▶ [What to work on] Reproduce every line below exactly as written; do not include the images.

▶ [Data shown]
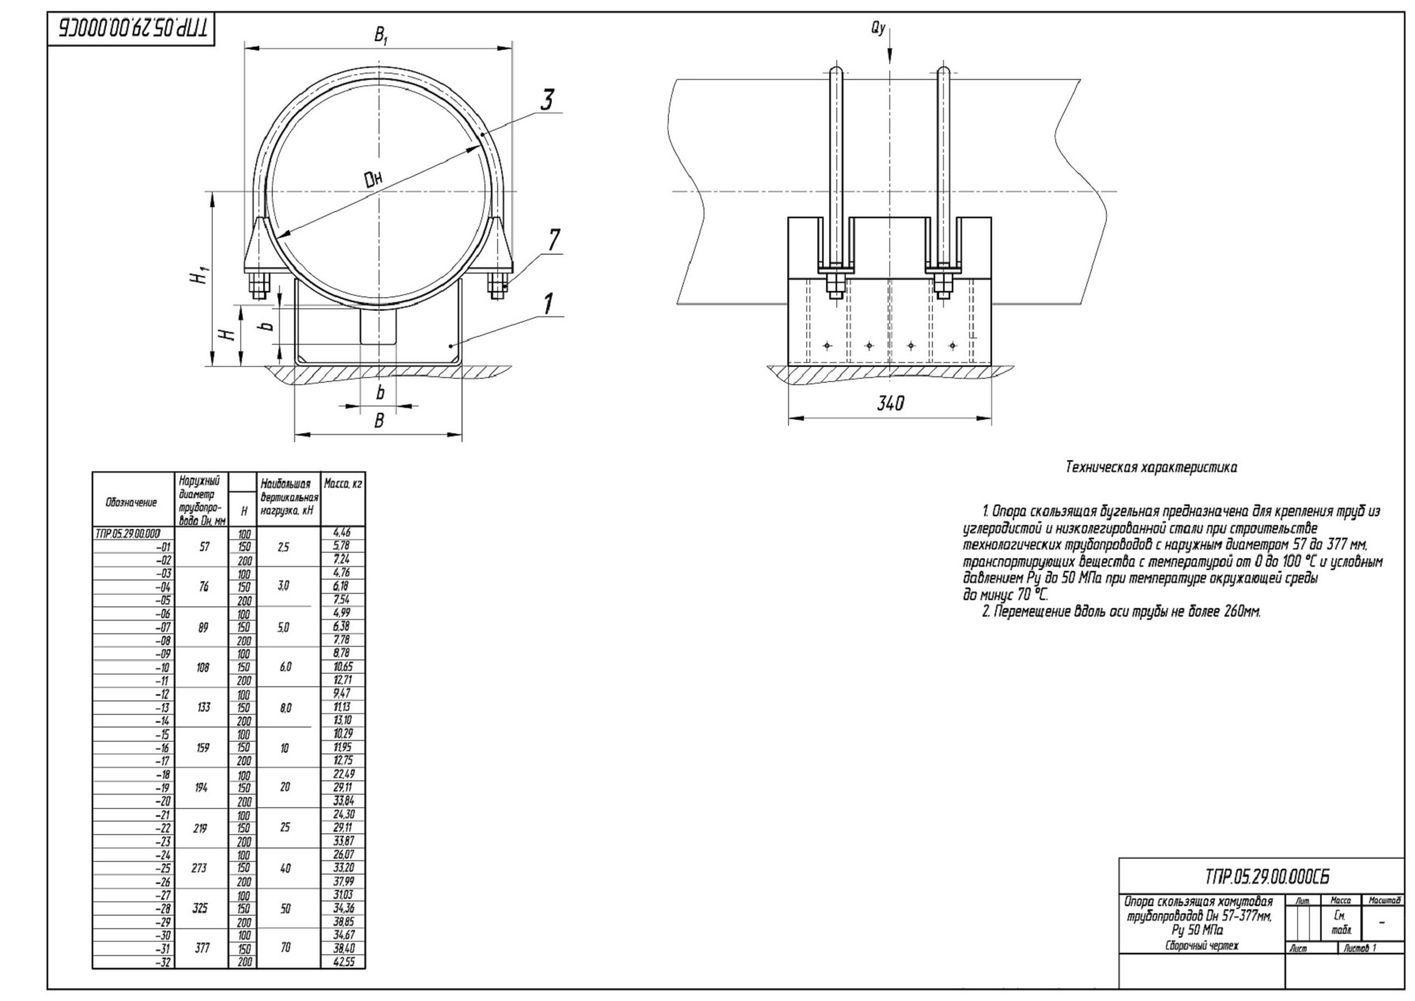 ТПР.05.29.00.000 Опоры скользящие хомутовые трубопроводов Дн 57-377 мм
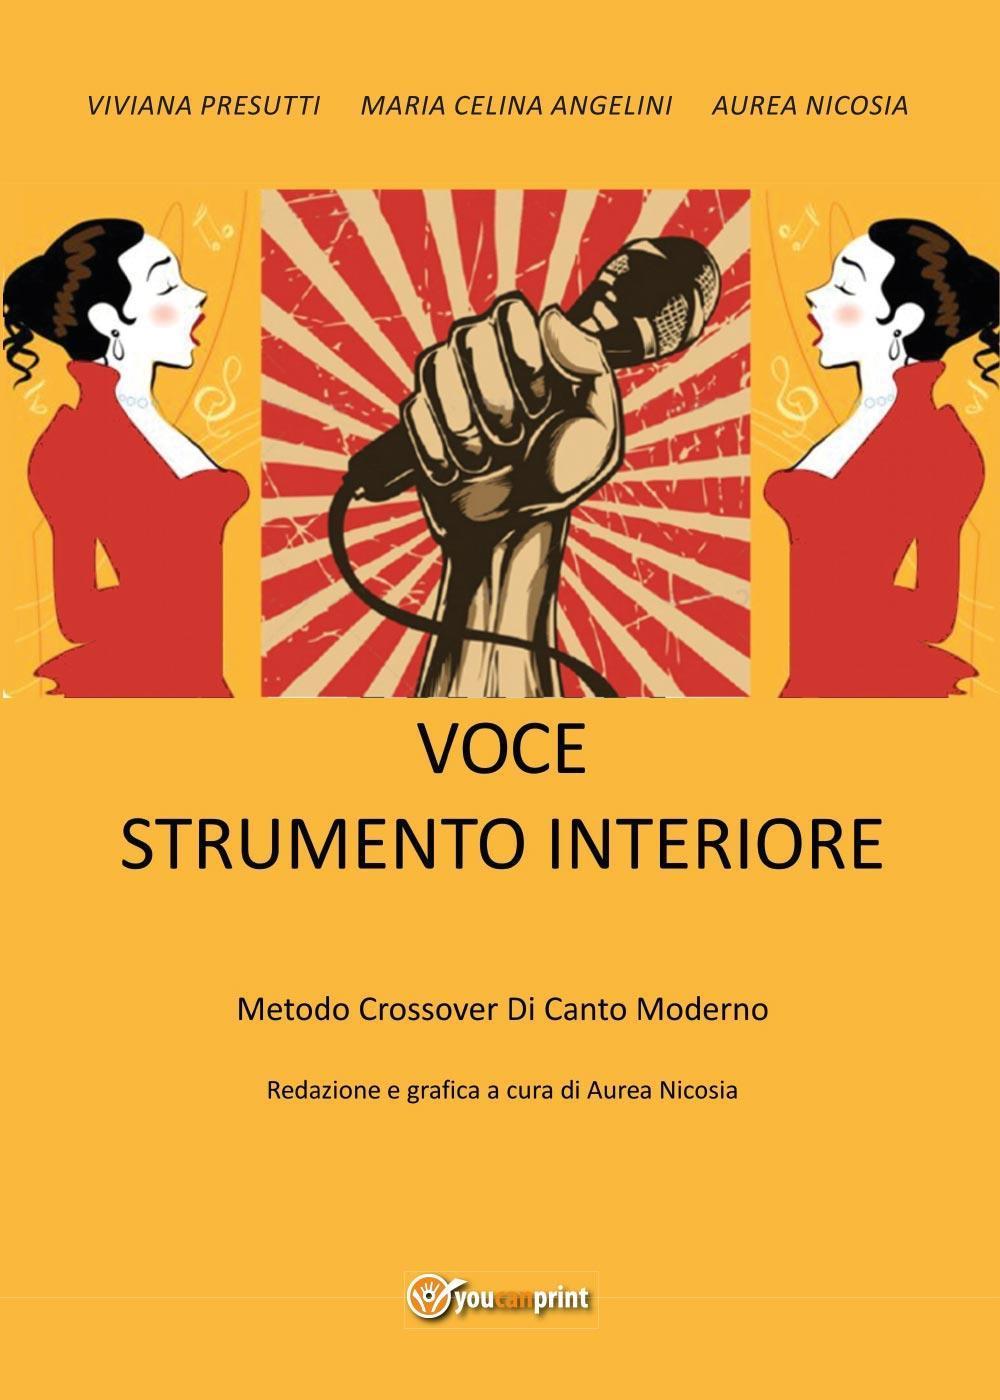 Voce strumento interiore, metodo crossover di canto moderno
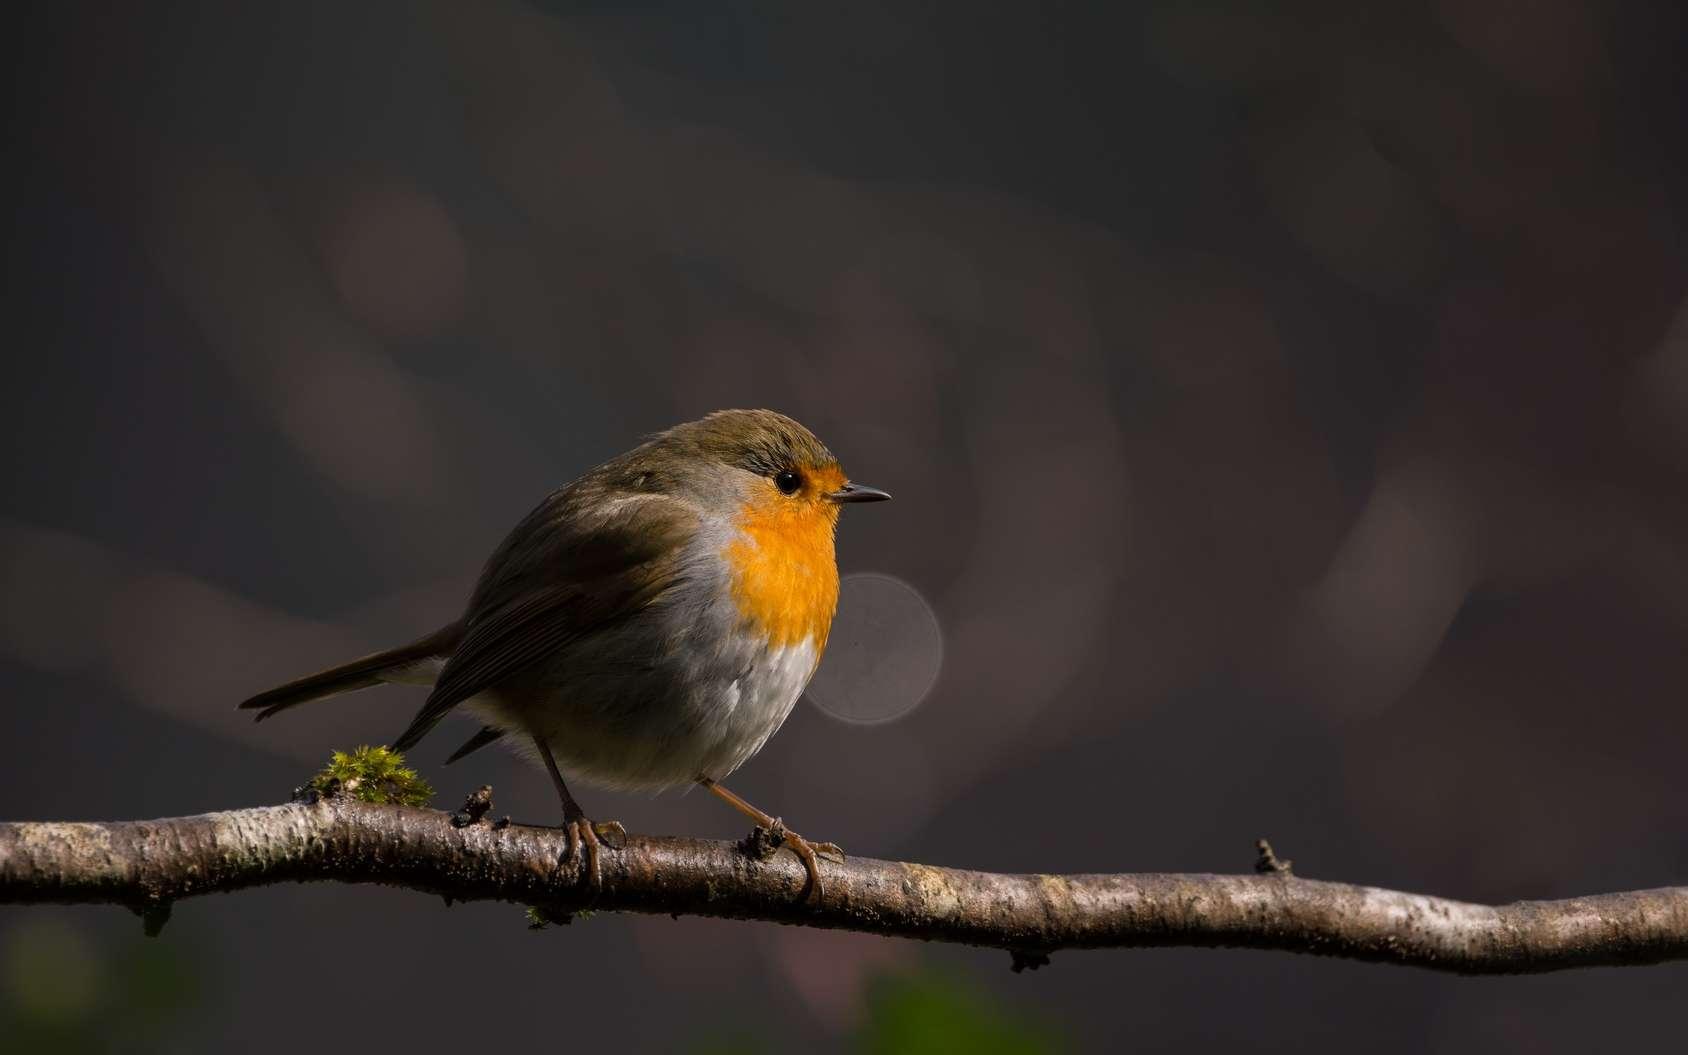 De moins en moins d'oiseaux peuplent nos campagnes. © Marc Andreu, Fotolia

▶ [Reply]
 ТПР.05.29.00.000 Опоры скользящие хомутовые трубопроводов Дн 57-377 мм
 Voce strumento interiore, metodo crossover di canto moderno
 De moins en moins d'oiseaux peuplent nos campagnes. © Marc Andreu, Fotolia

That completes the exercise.